Unfortunately, while the Schwarzenegger version of the film is goofy (albiet ultra-violent) fun, this 2012 film tries to be deadly serious.  Even the score by Harry Gregson-Williams lacks the playfulness and wonder of Jerry Goldsmith's original.  Worse, while the film features a lot of clever production design and cool gadgets, the script is woefully lacking in character.  I'm not even sure the name of Jessica Biel's character is even spoken aloud until the film's climax.  She doesn't bother to introduce herself to Quaid at any point.  In fact, she promises to tell him everything he wants to know, but we are robbed of any scene in which she actually does so.

Similarly, Bill Nighy appears as Mathias for a grand total of one scene.  Even Cohaagen is barely in this movie; much of the film is Colin Farrell running and jumping away from masked soldiers and robots, and the almost Terminator-like Kate Beckinsale.  So when either of those characters does appear, the actors are obviously trying to give them gravity, but the script simply won't allow them to do so.  Ronny Cox made a fantastic, scenery-chewing villain in the original because he was allowed the room to breathe - the character appeared throughout the film, and each time he did we learned a little bit more about him and what it was he was after.  Here, Cranston is shown briefly in some news footage, and then via a phone call with Beckinsale, and then in person at the climax.  He never feels like any kind of threat himself because we know nothing about him.  How he's so good at hand-to-hand combat escaped me until I remembered a quick line earlier in the film that Cohaagen had fought in the wars years earlier that had rendered the planet so damaged.

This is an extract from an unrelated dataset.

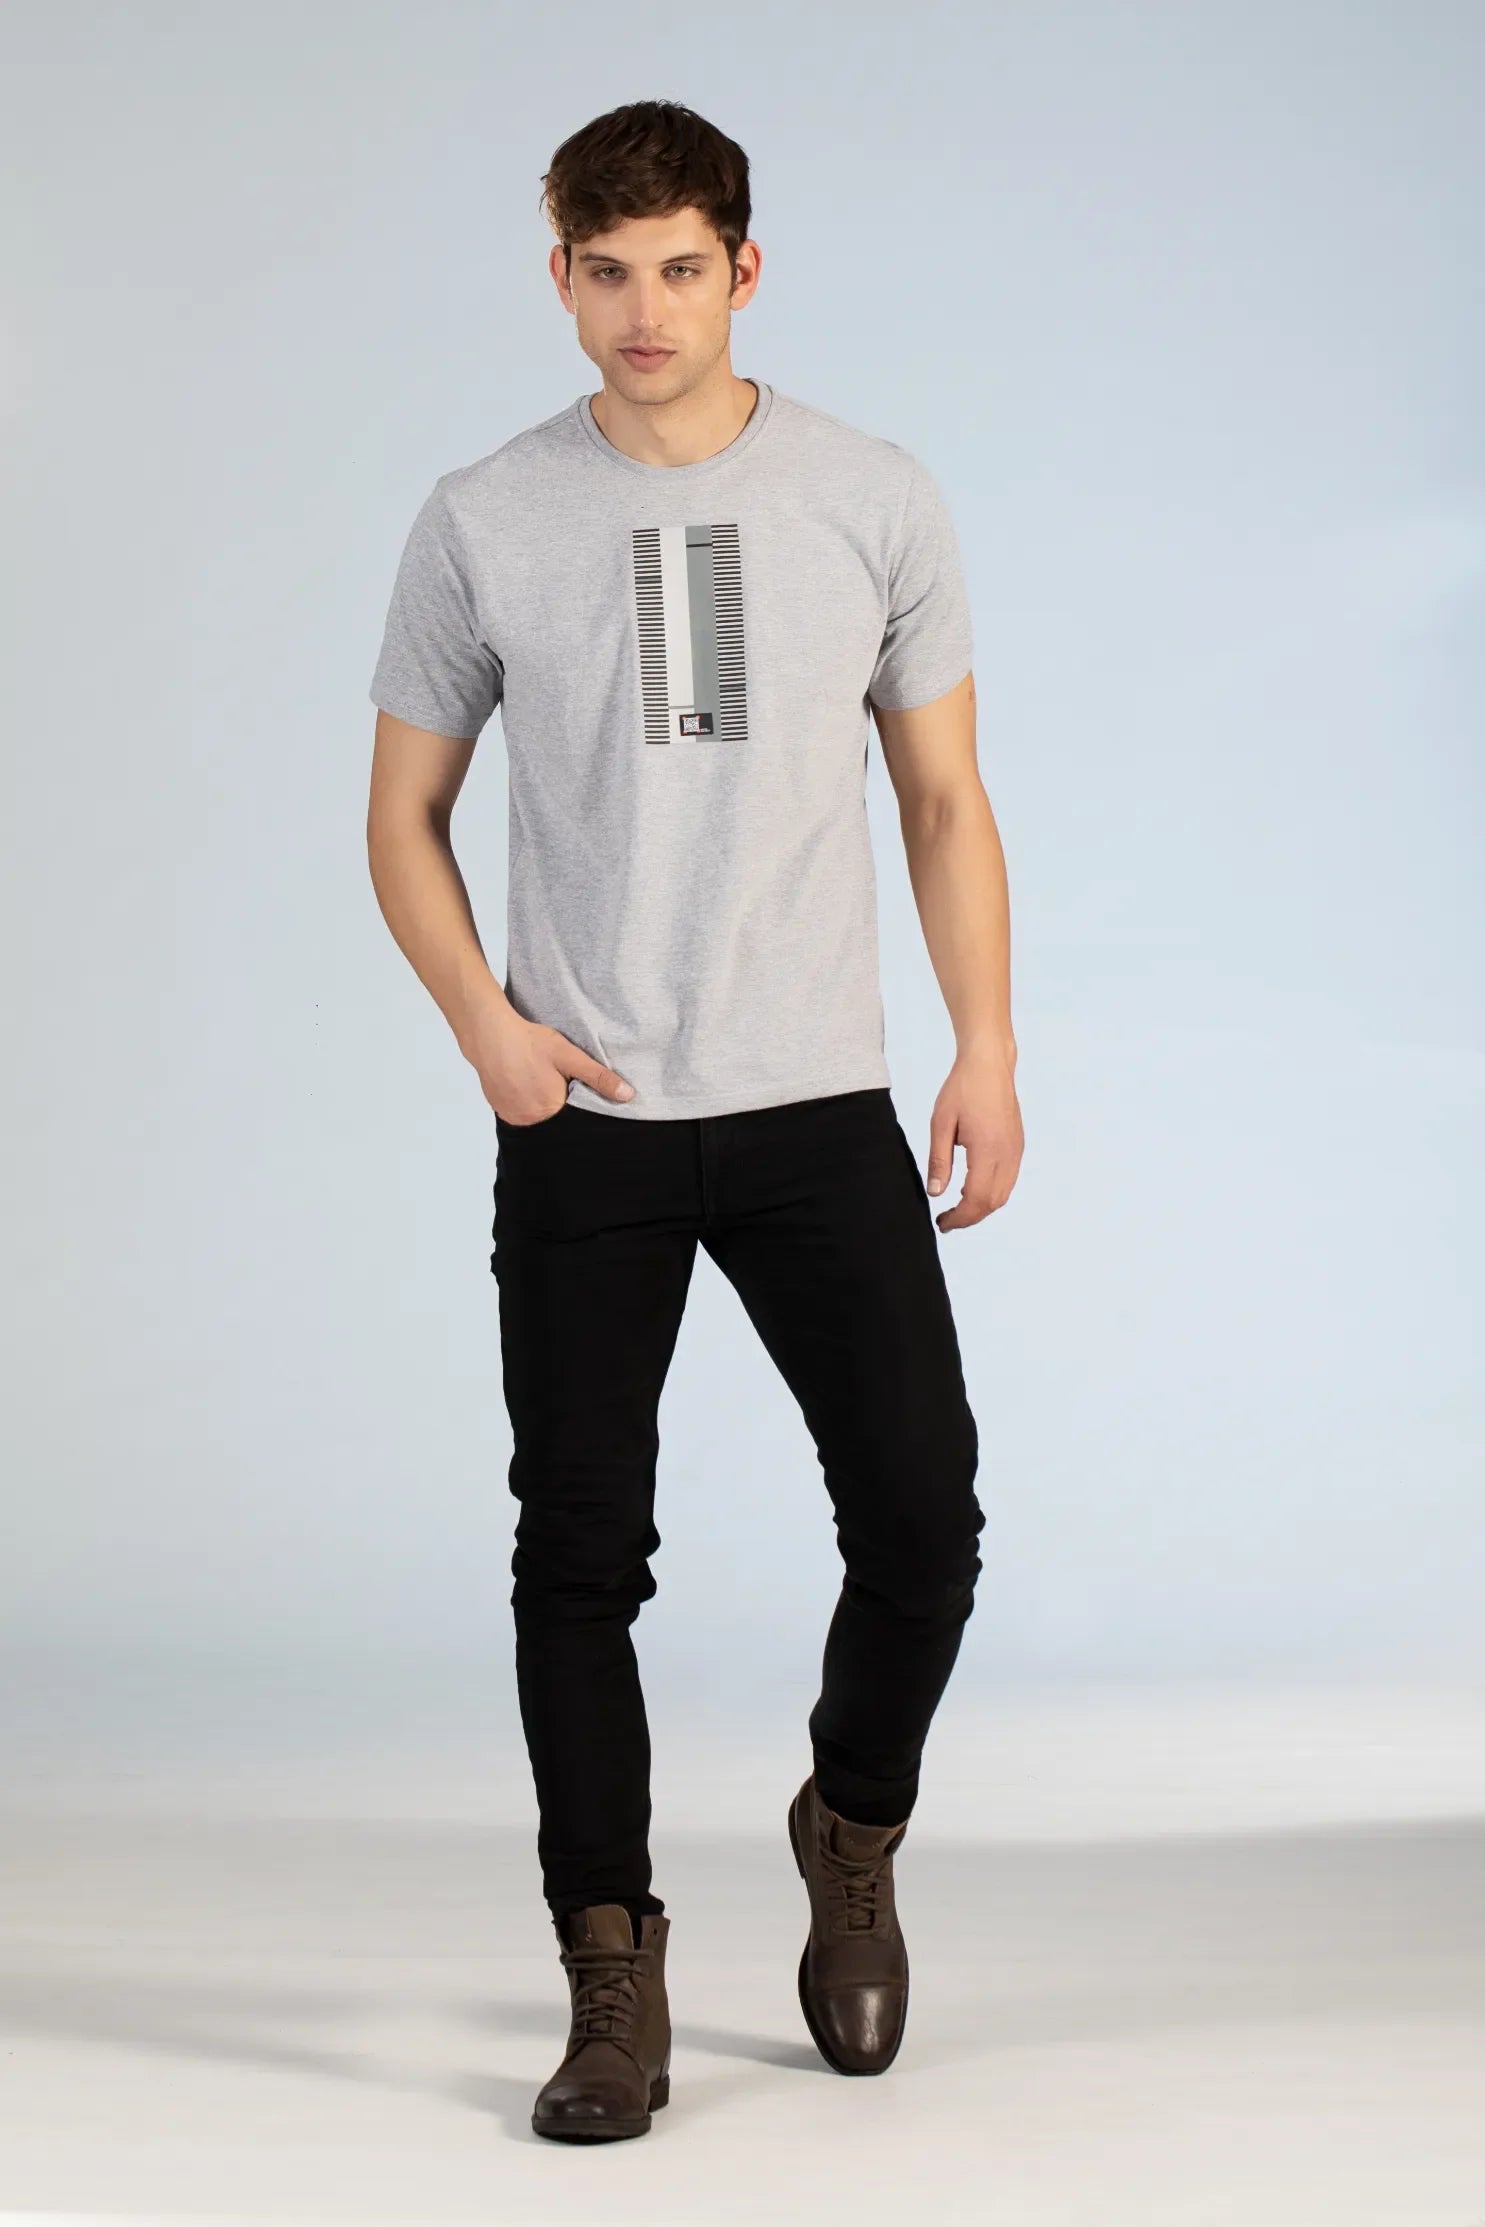 Buy Abstract Texture Print Round Neck T-Shirt Online.

There's a hint that Cohaagen and Mathias used to know each other, and perhaps even were friends, and yet this concept is not explored.  Mathias is briefly mentioned to be some kind of near-mythical resistance leader, but when we meet him, it's very brief and he's quickly dispatched in order to make the film's third-act plot twist seem more chilling - though, again, if you've seen the Schwarzenegger film, you know exactly what that twist is.

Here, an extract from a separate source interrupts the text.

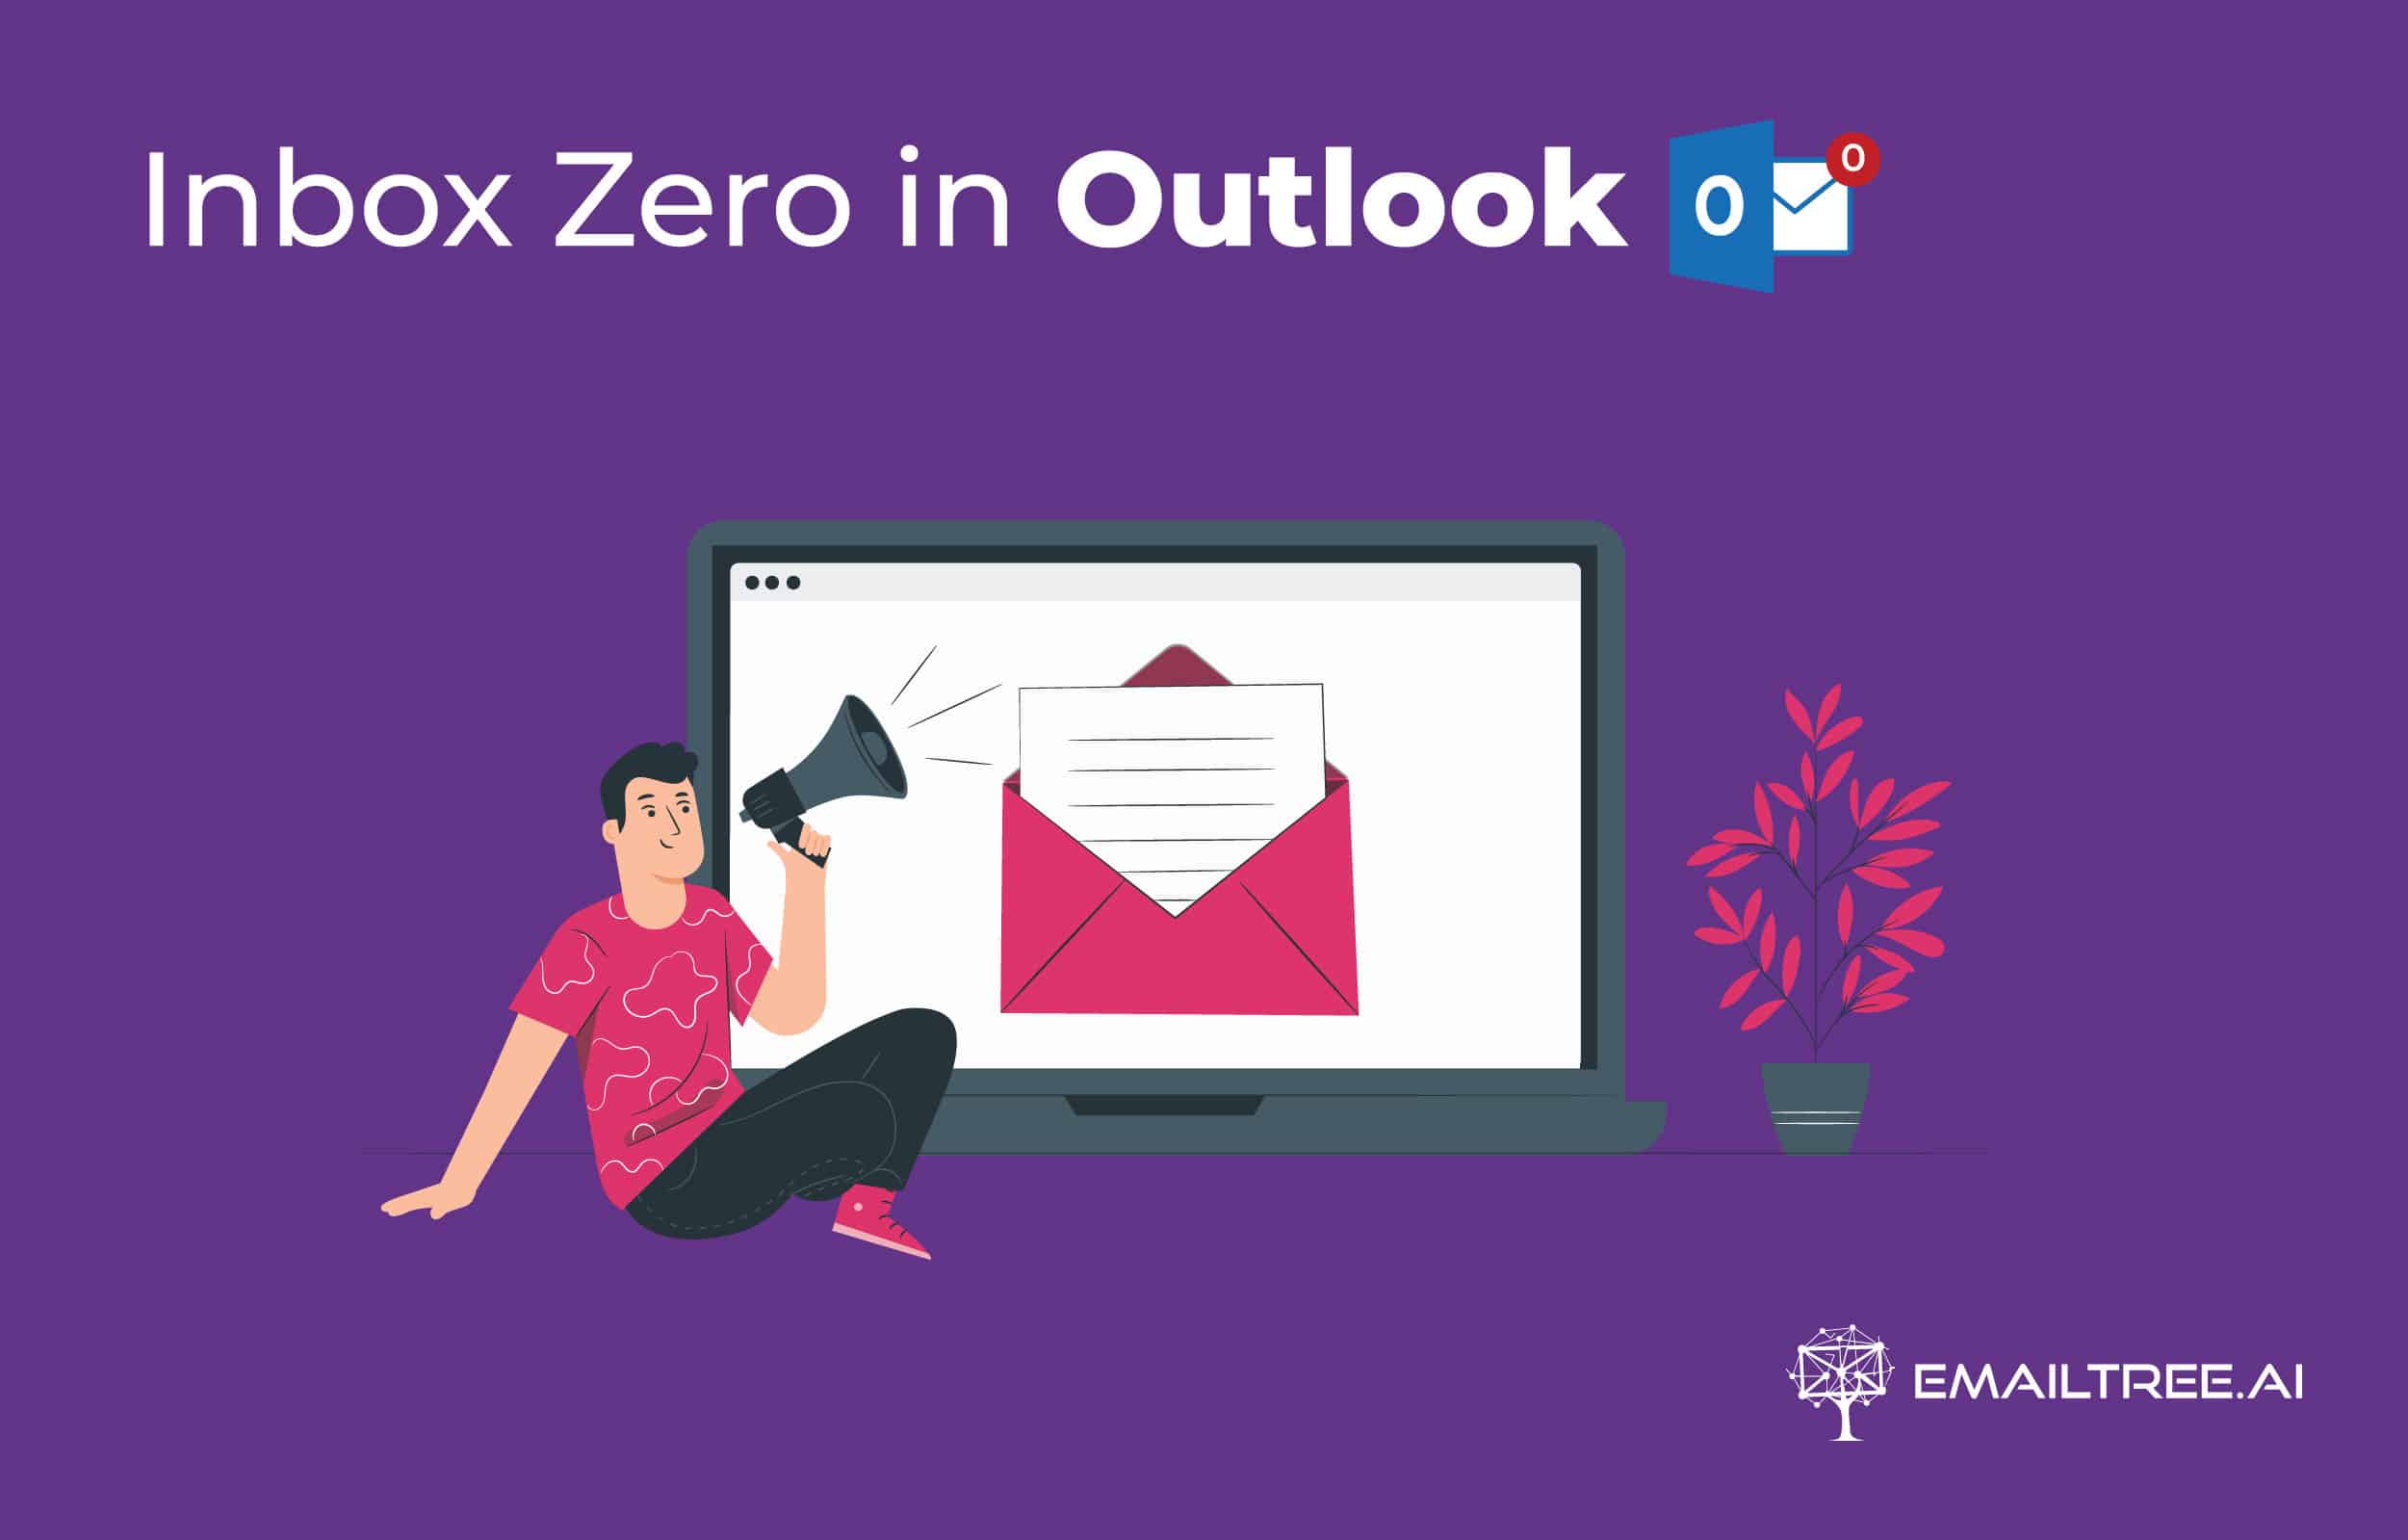 10-tips-for-customer-service-to-achieve-Inbox-Zero-in-Outlook-high-def

The problem is simply that the movie is all action.  It hints at a deeper, more interesting story, but that's all it does.  The characters simply move from one gunfire-filled chase sequence to the next.  It starts off well enough, but eventually just becomes numbing.  The first half of the film is enjoyable enough because of the slick special effects and cool fights, but by the second half, it seems to run out of tricks and you start to realize that those pretty effects is all this film has.  Quaid's first fight with Lori in their apartment features some impressive fight choreography, and a later fight through a maze-like futuristic elevator system, is also cool.  But eventually the film just falls into this pattern of run, fight, run, fight, run, fight that grows dull.  Even when there are some cool ideas injected in, they don't make enough use of them to liven up the second half.  For example, Quaid gets a very cool gravity lasso that he uses only briefly in one fight, but that's it.  The rest of the action is your standard automatic gunfire.

The effects are very pretty, though; the production team should be congratulated for their cool, "Blade Runner"-esque designs.  The world of "Total Recall" is fantastically detailed, with lots of cool ideas like that any pane of glass can be turned into a touchscreen computer via implants in the palm of your hand.  The Colony, drenched almost constantly in rain, is an odd mix of wooden Asian design elements and glossy high-tech gadgetry.  There were plenty of moments in the film where I wanted to just stop and examine the world around the characters, which sadly ends up being more interesting than the humans that inhabit it.  If only the film had more depth, otherwise it reminds me of a hollow version of "Minority Report."